Camping Kato Alissos near Patra: (N 38.14917 E 21.57803) Quiet,well shaded site with informal pitching on gravelly grass with mature olive and citrus trees. This can get crowded as it is a popular site for first and last nights. Clean sanitary facilities with the usual very hot showers. Steps down to small shingly beach and friendly restaurant with limited menu but lovely views from a terrace over the sea. Small but comprehensive shop, free wifi- best from outside reception though pitches near there can pick it up in the van. There are no shops within walking distance so stock up. [18 eoro/night]
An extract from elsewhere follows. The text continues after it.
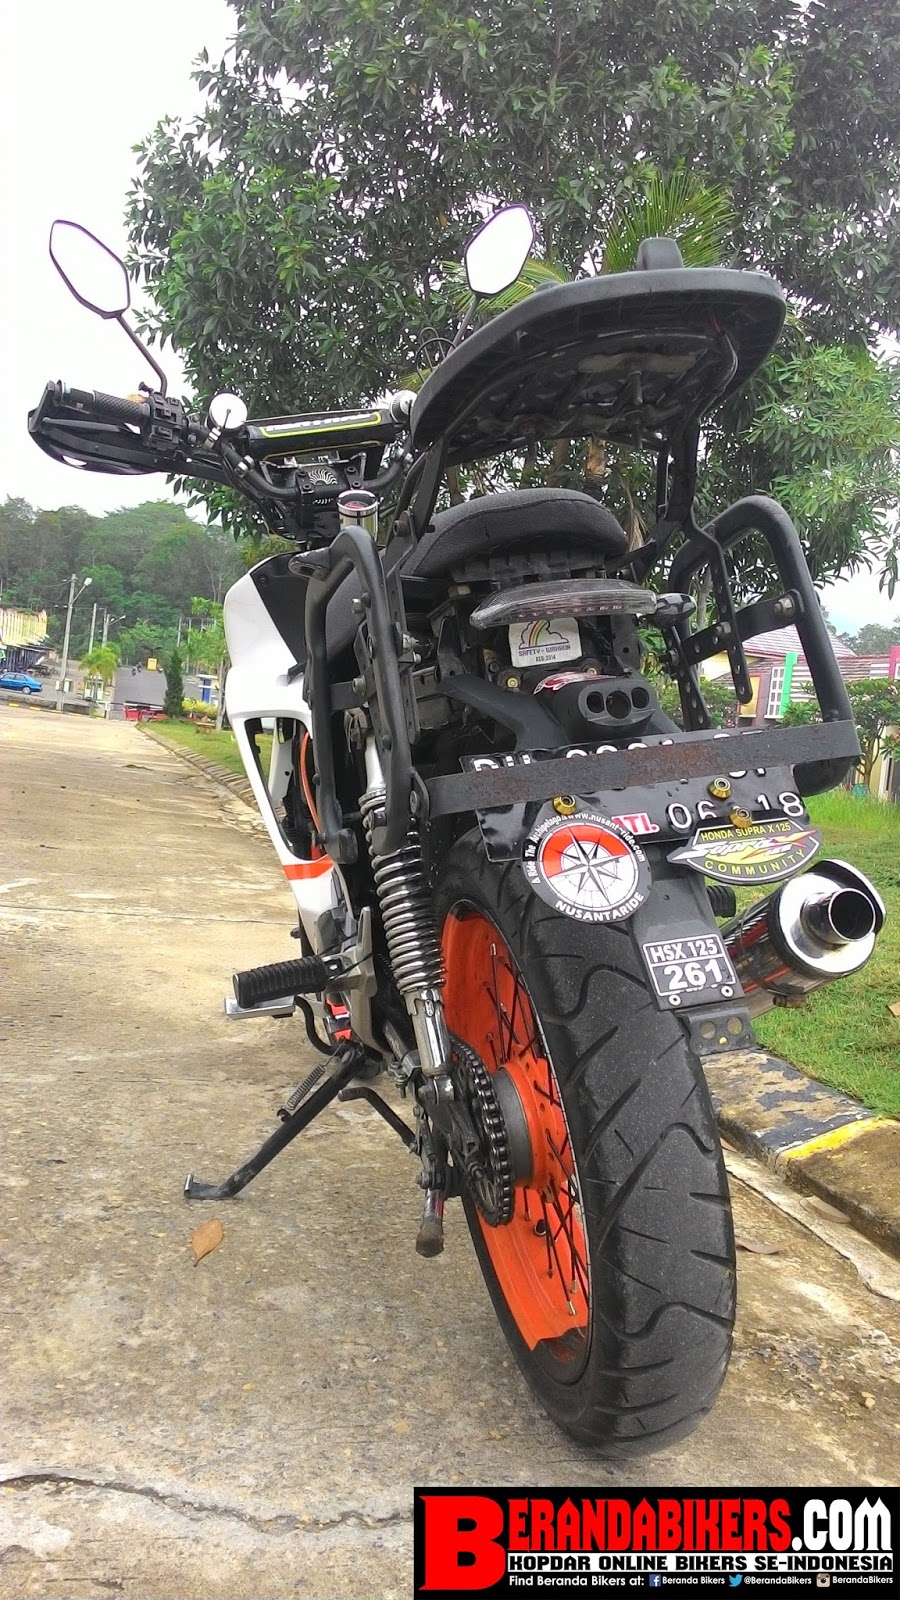 BerandaBikerscom Kopdar Online Bikers Indonesia Modifikasi Honda

Camping Dounio Beach near Nafpaktos/ Antirio. ( N38.34280 E21.77114)This site - in the Caravan Club 2 book- appeared closed- mid May 2010.

Camping Alfios, Olympia: (N 37.64338 E 21.62501) A lovely site with very good views on a plateau looking over the town and the ruins. The pitches are all marked, on gravel and are under (high) bamboo shelters. There is a pool, bar and restaurant- I did not see a shop. Sanitary facilities very good. Wifi at the office: free for 30 minutes and then 1 euro per hour. There is a footpath running along the road downhill to the ruins and it takes about 15 minutes and is shaded all the way. Coming back we took a taxi from town- 5 euros. [22.80/night]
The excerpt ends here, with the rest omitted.